Ничего другого не оставалось, только идти дальше. Скрепя сердцем оставили место, которое могло бы стать им приютом, но удача сейчас была не с ними. Богам здесь было не интересно. Может, и в самом деле, сейчас, они смотрели в какаю-то другую сторону.

Утром следующего дня Нирон сказал, что не может идти. Он еще пытался ползти, но в теле появилась слабость, начался жар. Пальцы на ногах посинели и сильно болели.

Акрон сидел рядом, и обреченно смотрел по сторонам. От голода и холода кружилась голова. Горы нависли над ними, но они уже не стояли, как раньше, на одном месте, они двигались, они качались из стороны в сторону, они подпрыгивали, и, завывая, летали над головой, как огромные черные птицы.

И в тот момент, когда, казалось, не осталось ни какой надежды, Акрон увидел треугольник далекого затерявшегося, среди горных вершин, жилища.

Это был шалаш – большой, целый, жилой. Акрон отчетливо видел дымок, и мерцающее марево, и человека с большой черной миской, который стоя на коленях, собирал в нее снег, чтоб растопить на огне. Видение показалось лишь на секунду и исчезло.

Акрон был уставшим, замерзшим и совершенно потерянным. Он не понял в какой стороне он видел шалаш. Голова кружилась, в глазах темнело, и последние четверть часа, он просто крутился на месте, пытаясь понять, где север, и где юг.

«На Востоке, – вдруг сказал он сам себе. – Я видел его на Востоке. Вон за тем холмом. Правильно, – пытался он собрать в кучу задубевшие мысли. – Я шел на Юг, и он появился слева… Слева, значит вон за тем холмом… Слева, значит на востоке».

Акрон пошел в ту сторону, но вдруг услышал глухой жалобный голос брата:

– Акрон, – окликнул он. – Акрон, ты ведь не оставишь меня?.. Акрон, прошу, не иди без меня… Мне страшно, Акрон.

– Ах да, конечно… – пробормотал Акрон, возвращаясь. – Ведь я не один…– вспомнил он. – Ведь мы вместе… Ведь мы всегда были вместе…Я не оставлю тебя…– твердил он, покачиваясь на нетвердых ногах. – Я никогда не брошу тебя, брат. – И, схватив Нирона под руки, он потащил его за собой. Тащил его за шкирку, тянул за рукава, и даже пытался взвалить на спину, но за весь день, они вряд ли одолели и пол круга. Шалаш больше не показывался.

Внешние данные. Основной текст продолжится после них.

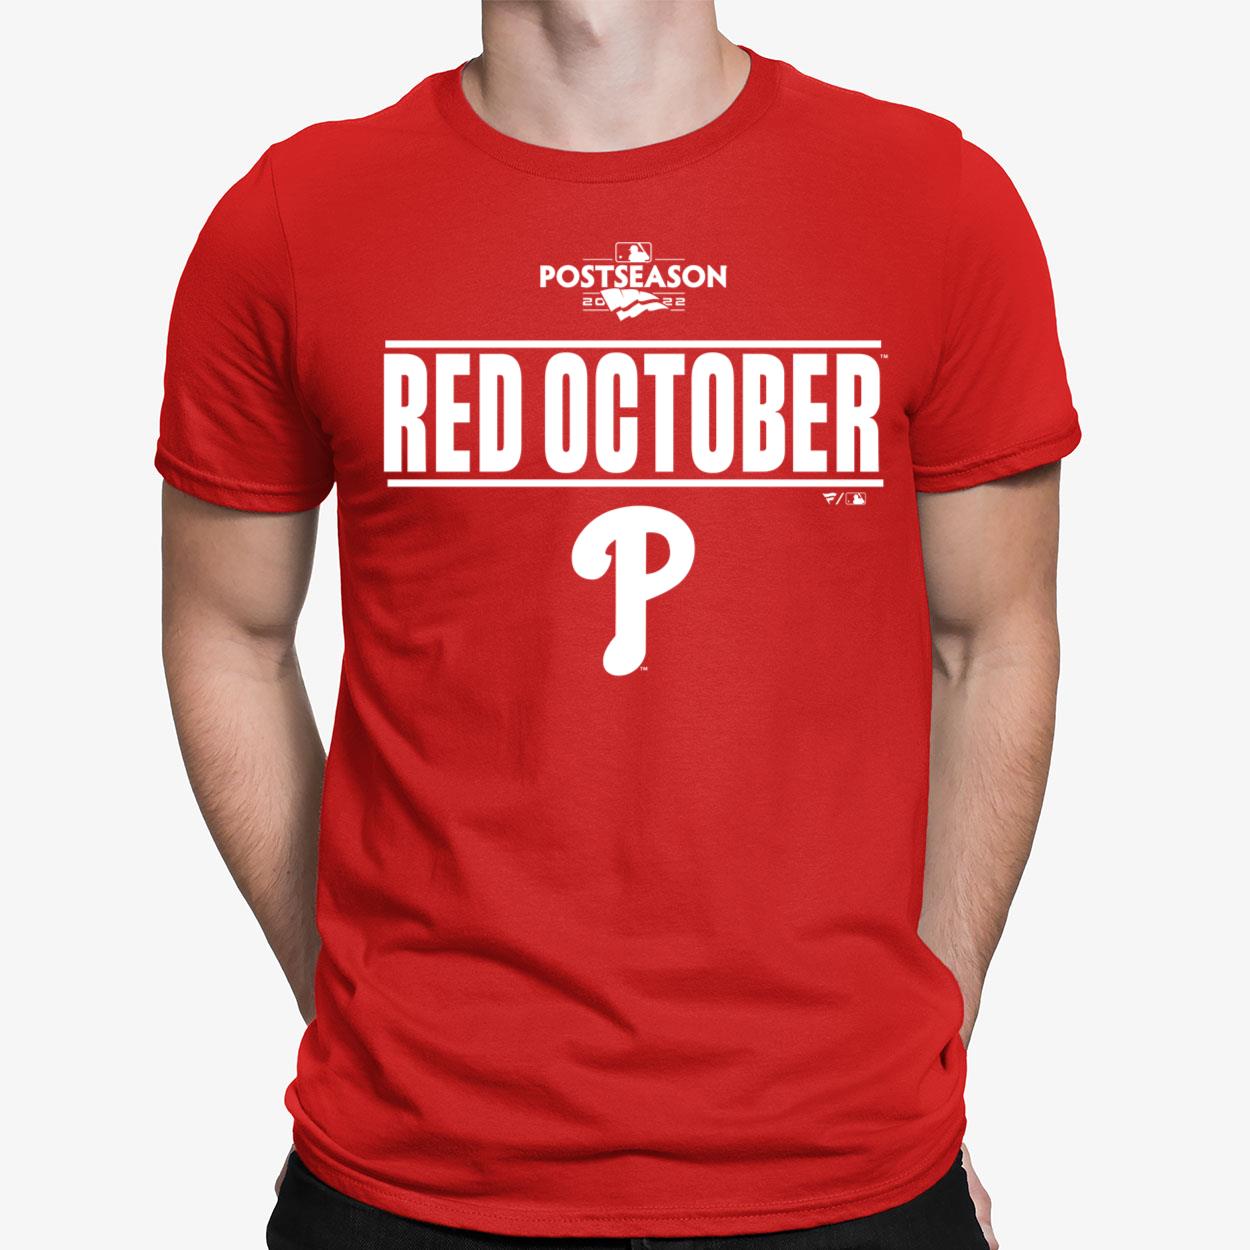 Red October Phillies Shirt, hoodie, longsleeve, sweatshirt, v-neck tee

Ни тащить брата, ни идти самому сил больше не было. Нирон уснул, Акрон стал бить его по щекам, но он не просыпался. «Он больше не откроет глаз, – подумал Акрон. – Скоро сердце его остынет, но ему уже тепло. Гораздо теплее, чем мне». Он еще попробовал разбудить брата, растерев ему лицо, но это не помогло. Акрон лег рядом и стал смотреть на беспросветно-серое небо. «Может быть так даже и лучше, – решил он. – Великая судьба… Предназначение… Объединять, разъединять – какая разница? Все повторяется заново. Все это никому не надо. Охайра говорила, что все это ни для чего. Судьбы людей, и судьбы целых народов, это просто камни, которые катятся с горы. Катятся себе и катятся. Можно просто встать в сторонке и смотреть. Катятся себе и катятся. А зачем катятся?.. а почему? А потому что вниз… Какой простой ответ. Как все оказывается просто в смерти…»

Мысли стали вялыми, серыми, как небо. Тягучими ручьями они медленно стекали с гор, и соединялись в стоячей реке. Дальше течь им было некуда. Они останавливались, согревались, веки Акрона сомкнулись и окаменели, наполняясь теплом этих тягучих ручейков.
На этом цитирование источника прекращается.